Women are winning more space in Libya’s local councils
Libya has sharply increased the number of municipal council seats allocated to women, nearly doubling the previous total, according to the High National Elections Commission, as reported by Libya Review and agencies on March 8th.
The Commission claimed that 205 seats had been allocated exclusively to women during the 2024/2025 municipal election period, describing it as a clear sign of greater female participation in local government structures across the country.
The figures were released through the Central Committee for Municipal Council Elections and the Women’s Support Unit, both of which said the increase reflects a wider push to strengthen women’s role in municipal work and expand their participation in the evolving management of local and international affairs.
The latest total indicates a clear and substantial rise from the 104 seats allocated to women between 2012 and 2023. The new figures represent almost a doubling of women’s presence in municipal councils, a development likely to be read as one of the more tangible indicators of change in Libya’s local political landscape.
The Commission framed the increase as part of a broader trend rather than an isolated electoral result.

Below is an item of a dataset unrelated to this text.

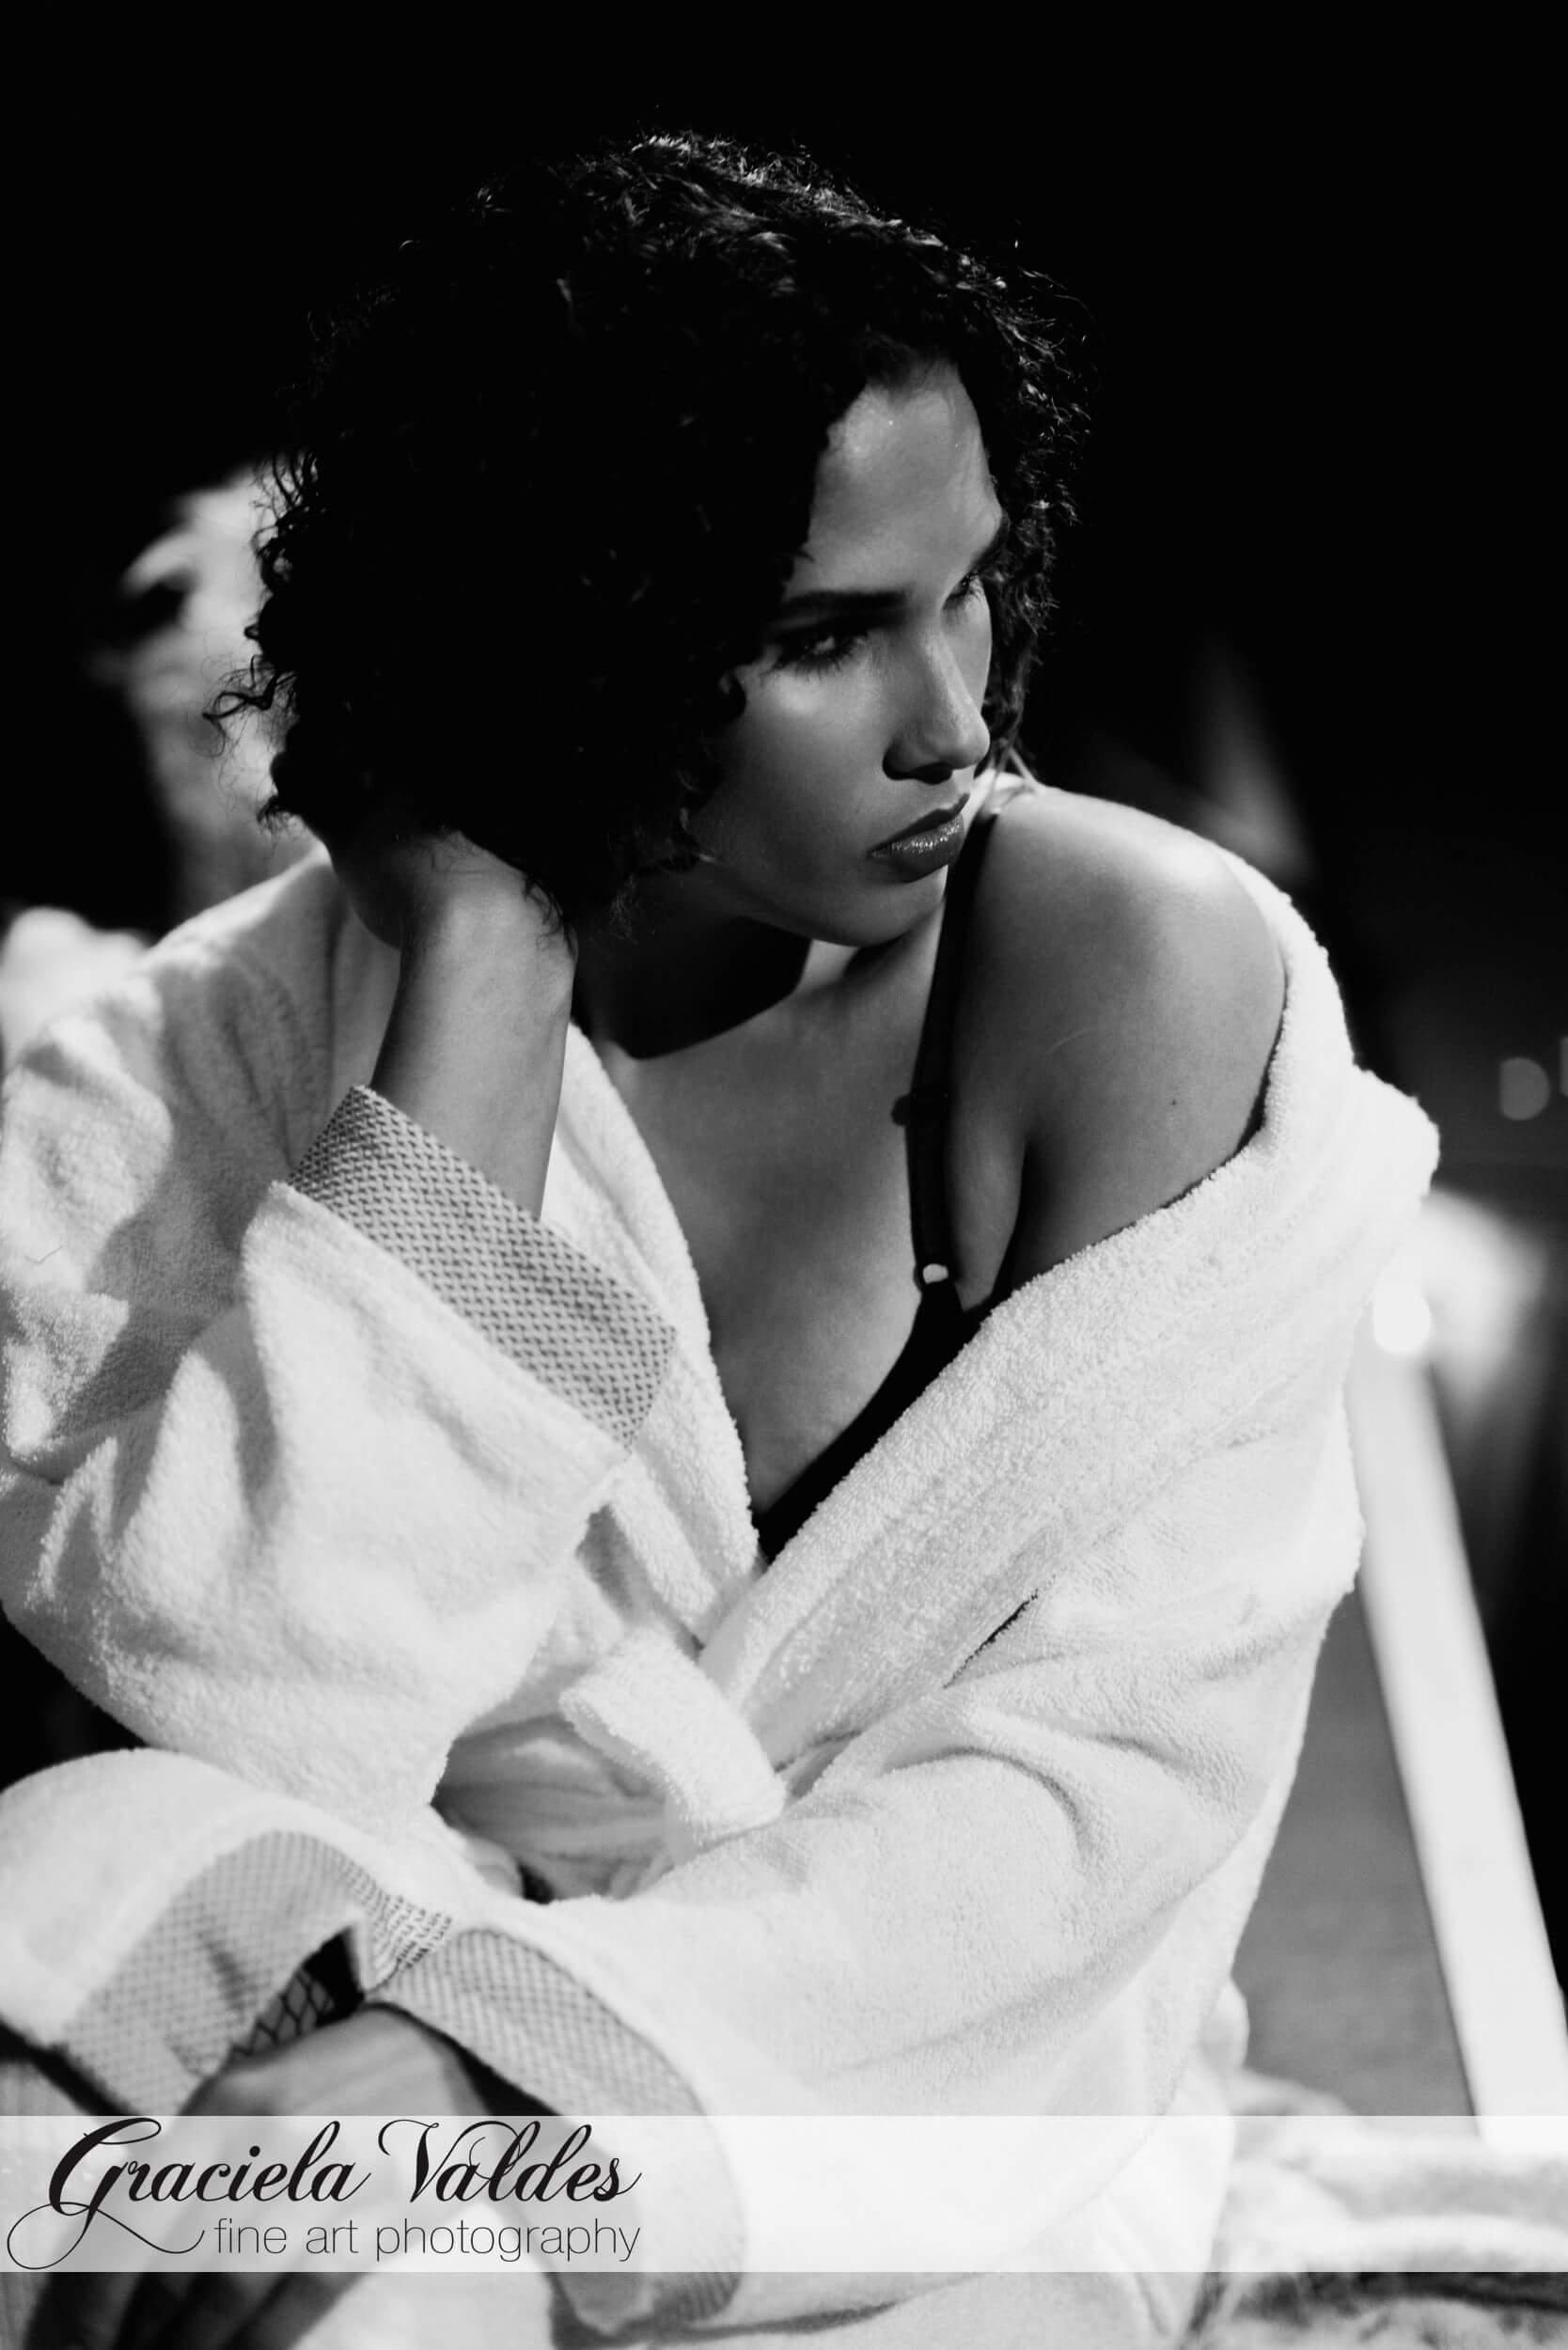 Sex After Dark by Graciela Valdes 64.jpg
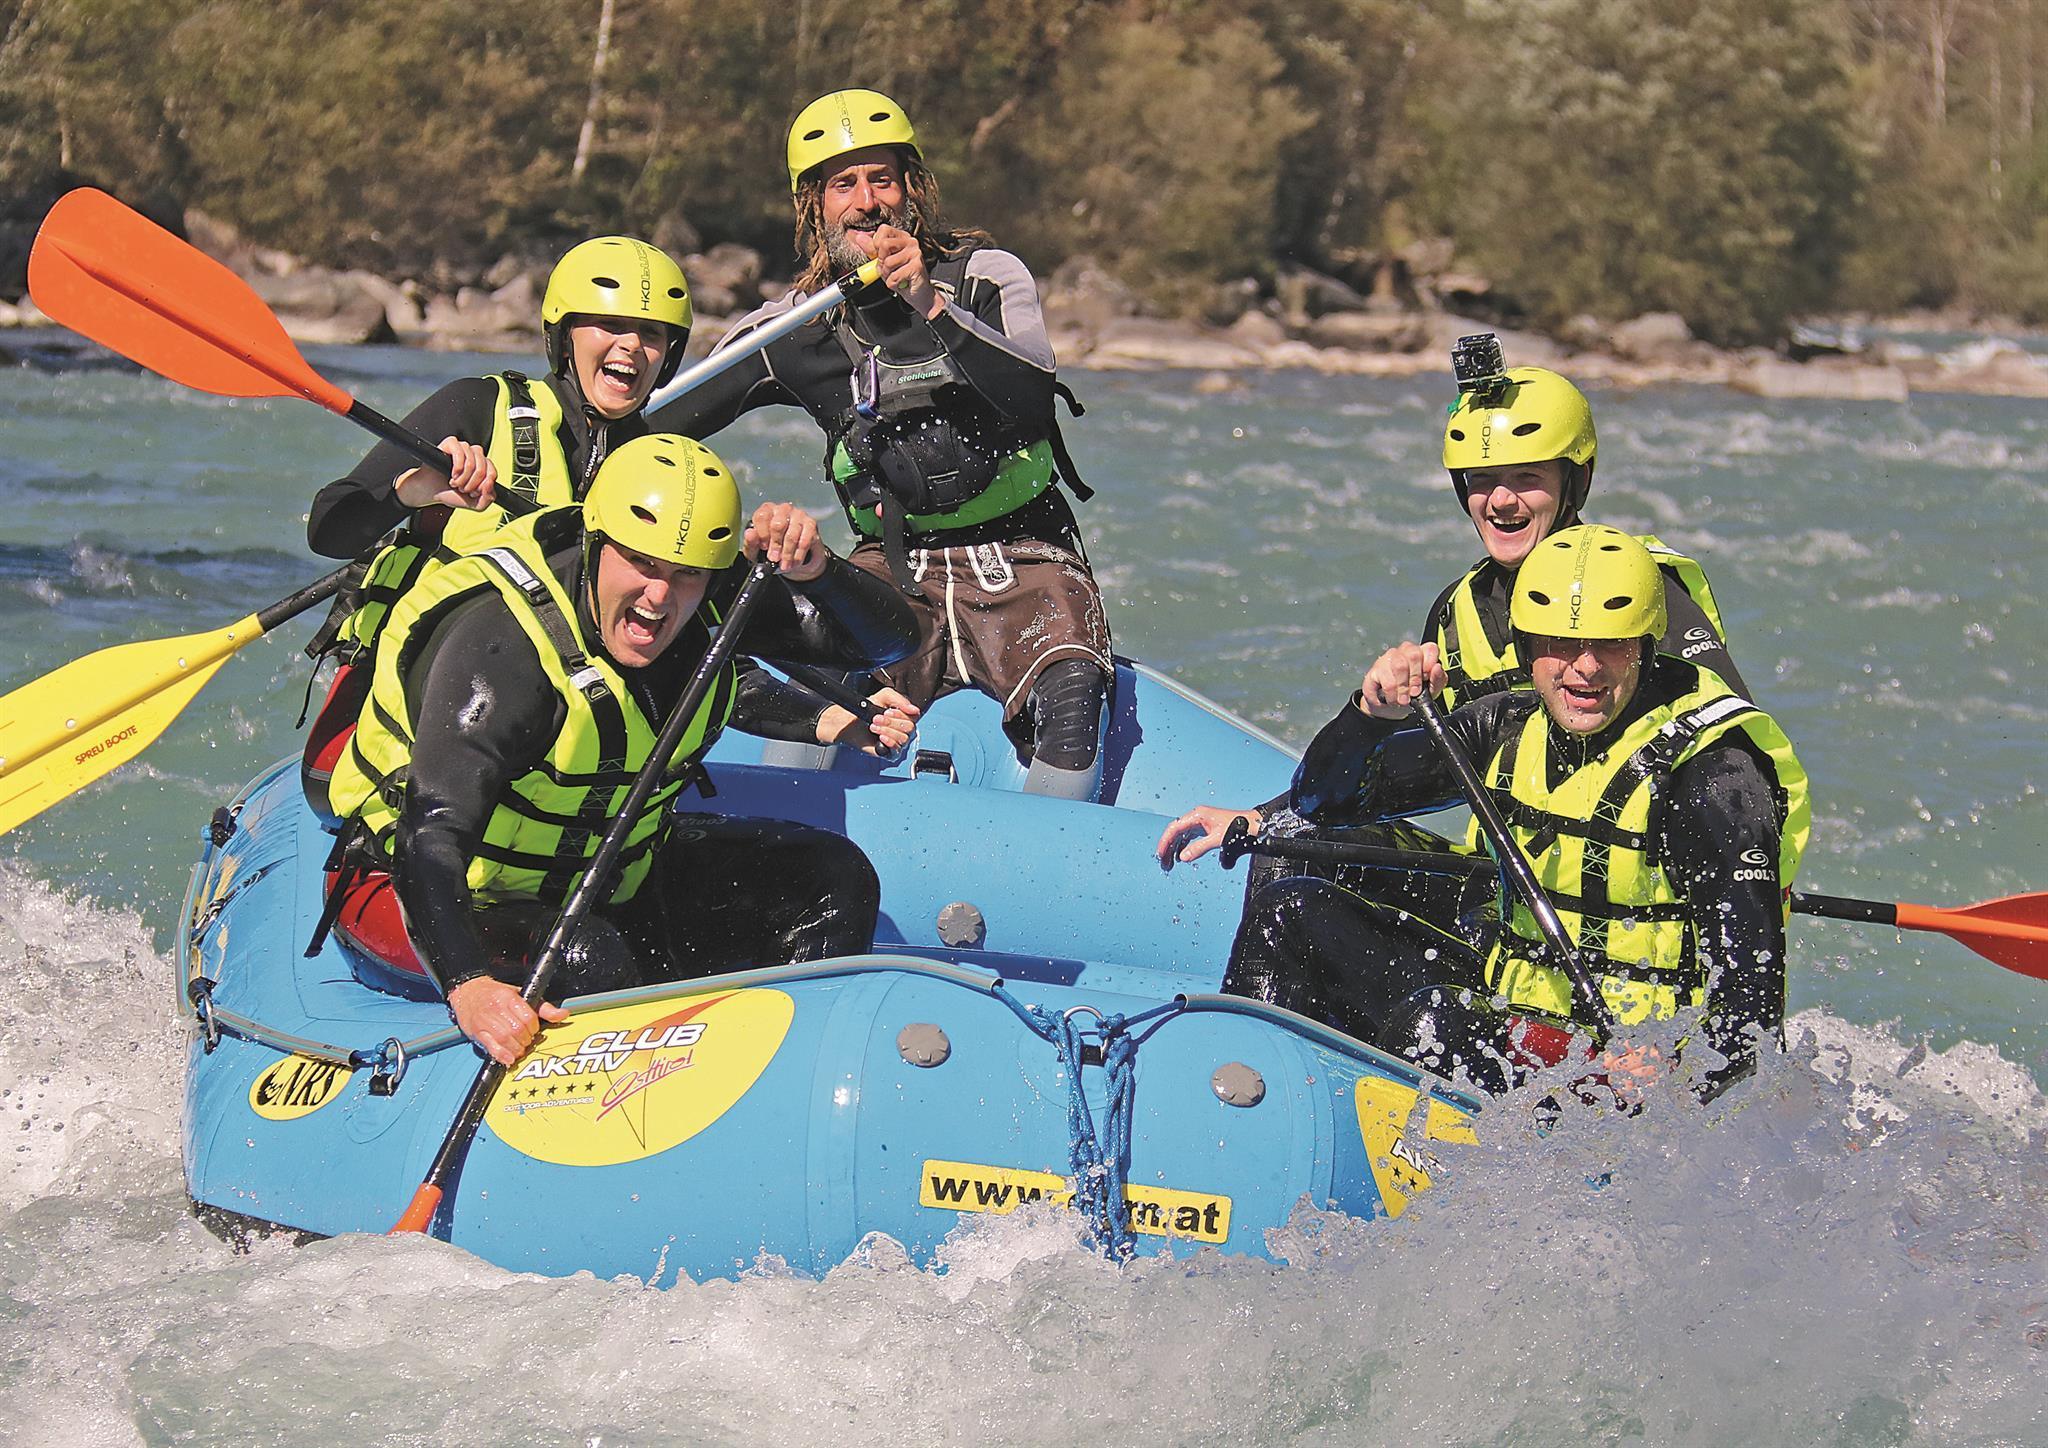 Rafting-Tour-Cools-Lienz.jpg

Municipal councils in Libya play a central role in delivering local services, addressing infrastructure concerns, and handling day-to-day governance issues, meaning greater female representation at this level may carry practical as well as symbolic weight.
The announcement is also likely to revive discussion over how women’s representation is measured in Libya’s political system. While the rise in allocated seats points to visible progress, observers have frequently argued that numerical gains should be matched by meaningful and substantial participation in council deliberations, planning and actual decision-making.
Even so, the increase from 104 to 205 seats is likely to be viewed as a significant shift in a country where women’s political participation has often faced institutional and social constraints.
For Libyan municipal politics, the latest figures suggest that women are no longer a marginal presence in local councils, but an increasingly established part of the country’s evolving public administration framework.